One of these exceptions is impeachment, which is wholly given over to Congress. There is no appeal to the courts, removal from office is self-executing, and the president cannot pardon an impeached offender. Nevertheless, impeachment is not a legislative power. Rather it is a juridical power with indictment (the bill of impeachment) adopted by the House investigating in a manner similar to a grand jury, and trial by the Senate, similar to a petit jury in a criminal proceeding but in fact acting as a panel of judges trying issues of both law and fact.

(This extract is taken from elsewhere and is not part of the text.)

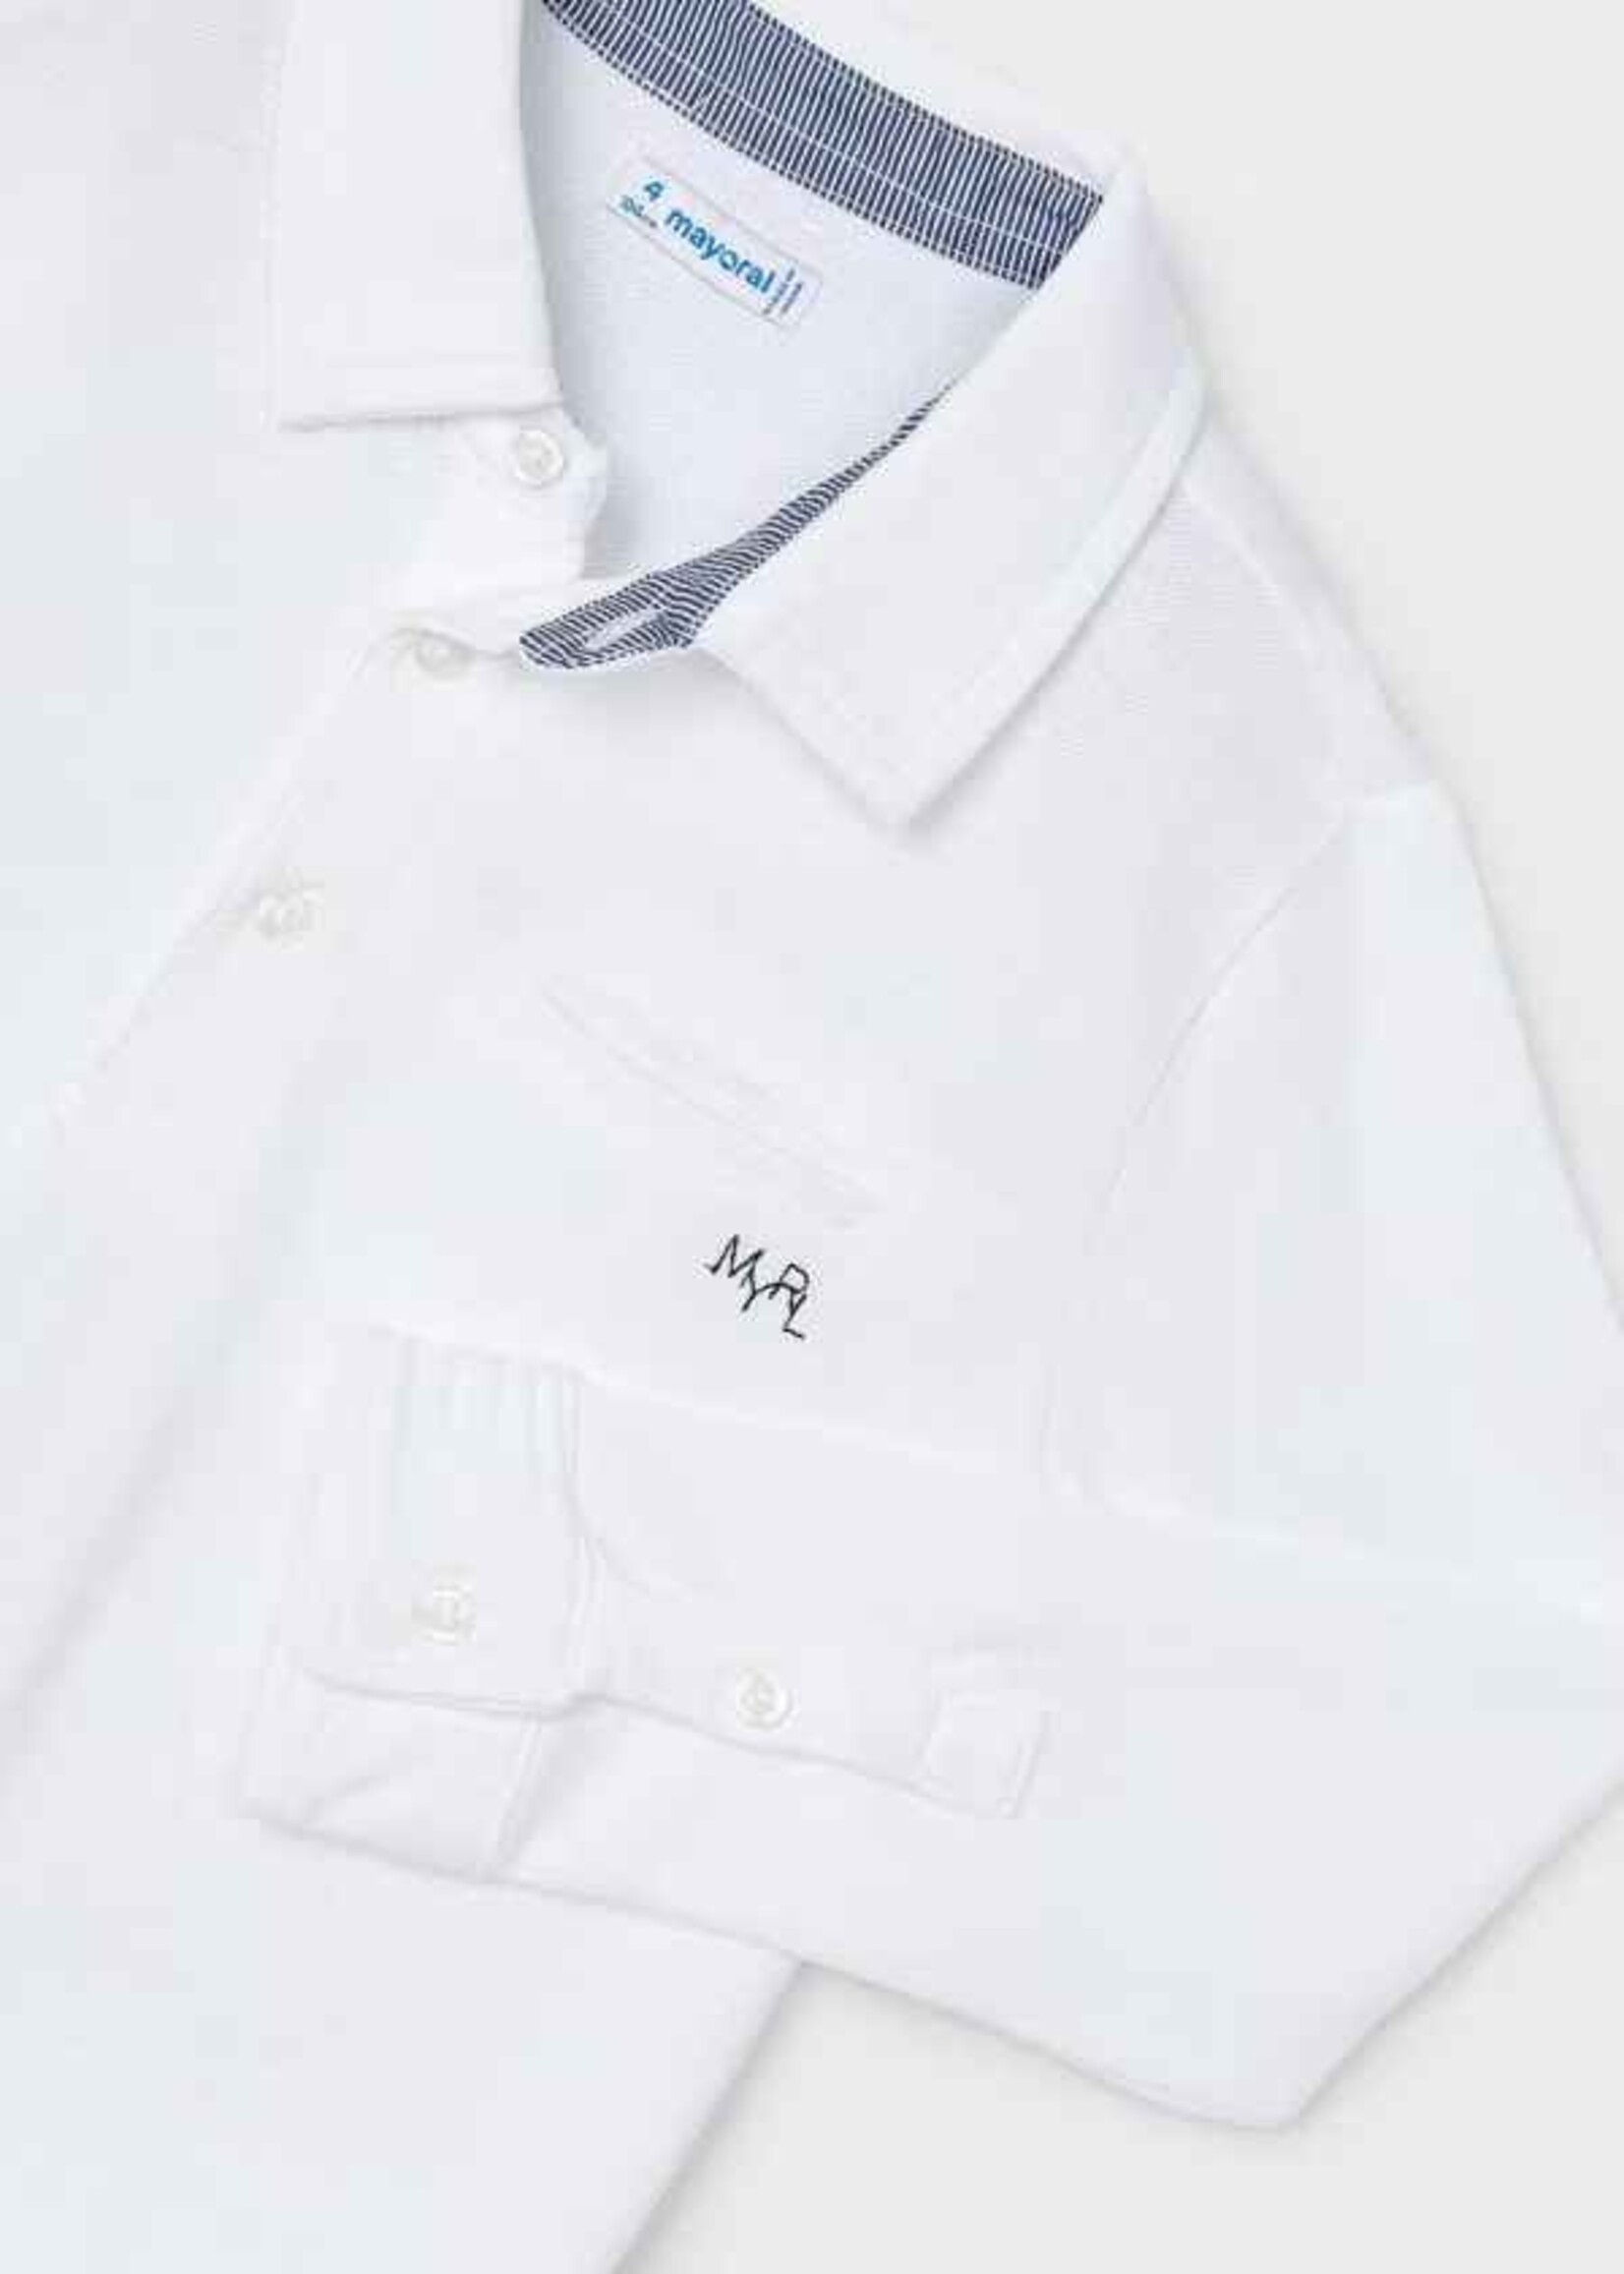 Mayoral Mayoral L/s polo wit - 24 03111

It was agreed early on in the Constitutional Convention that treason and bribery would be grounds for the removal from office of any federal official. But some of the delegates thought this did not go far enough. Like their cousins in Britain, the Americans followed closely the impeachment of Warren Hastings for his behaviour as Governor-General of India. Hastings, one delegate observed, was not being tried for treason or bribery; perhaps a broader, catch-all phrase should be added. “Maladministration” was proposed.

This was promptly rejected by James Madison, one of the principal architects of the new governing structure, as being incompatible with the American model. It would mean, he said, that the president would serve at the pleasure of the Senate and thus would convert the US constitutional structure into a parliamentary one in which the executive is integrated with the legislature. “Maladministration” was withdrawn. In its place, the drafters substituted the phrase, “high crimes and misdemeanors”, drawing perhaps from Edmund Burke’s prosecution of Hastings in which Burke had said that the charges “were crimes, not against forms, but against those eternal laws of justice, which are our rule and our birthright: his offenses are not informal, tactical language, but in reality, in substance and effect, High Crimes and High
Misdemeanors”.

Republicans defending President Trump have seized upon the general unfamiliarity with this history to throw sand in the eyes of the public and even members of Congress, arguing that the import of the phrase “high crimes and misdemeanors” is that a statutory  criminal act must be shown to have been committed in order to obtain a conviction, that the standards of proof of an ordinary criminal proceeding—evidence beyond a reasonable doubt—must be shown, that flaws in the preliminary investigation taint an impeachment such that the indictment must be thrown out, and much more nonsense.

They succeeded, as successful criminal defence attorneys can do, in casting enough doubt on the prosecution to permit the Republican caucus in the Senate to prevent a conviction of the president for behaviour that almost certainly merited his impeachment. At present, his approval ratings have significantly increased and his theatrical poses as the maligned innocent have attained even greater heights of pained
oppression.

Was there anything the House managers, the prosecutors, could have done to avert this farce?

Perhaps they should have gone to the courts to enforce a subpoena against the president’s former national security adviser, John Bolton, who is reported to have confirmed in his unpublished book that Trump did indeed withhold military assistance to Ukraine in order to compel the Ukrainian government into announcing a baseless investigation into former Vice-President Joe Biden, at the time Trump’s likeliest opponent in the upcoming presidential election. But such a resort to the courts would have been time-consuming and might have pushed off impeachment proceedings into the summer, interfering with the election campaign.

Certainly the House managers should have focused more clearly on the constitutional crime—for so it is—of impounding congressionally appropriated funds. By resting the case on vague “abuses of power” the prosecutors left room for doubt whether the charges were too broad and would remove a president for self-serving but ordinary politics.

Or perhaps the bill of impeachment should never have been sent to the Senate where the majority leader, who controls the docket there, had already said, “I’m not an impartial juror. This is a political process. There is nothing judicial about it. I would anticipate we will have a largely partisan outcome in the Senate. I’m not impartial about this at all.”

In 1841, following the death of President William Henry Harrison, Harrison’s vice-president John Tyler succeeded to the presidency. He quickly alienated many members of Harrison’s party when he vetoed two important pieces of legislation. The following year an impeachment resolution was introduced in the House and a House select committee, headed by former President John Quincy Adams, was formed. Though Adams was convinced of the grounds for impeachment, he refused to propose an impeachment resolution on the grounds that it would be defeated in the Senate. Perhaps Speaker Nancy Pelosi, who was wise to pause before sending the Trump impeachment to the Senate, should have simply tabled it [in the American sense, meaning to stall it] in the House.

In any case, the matter will now be sent to the American people—in yet another example of a popular referendum replacing the rule of law.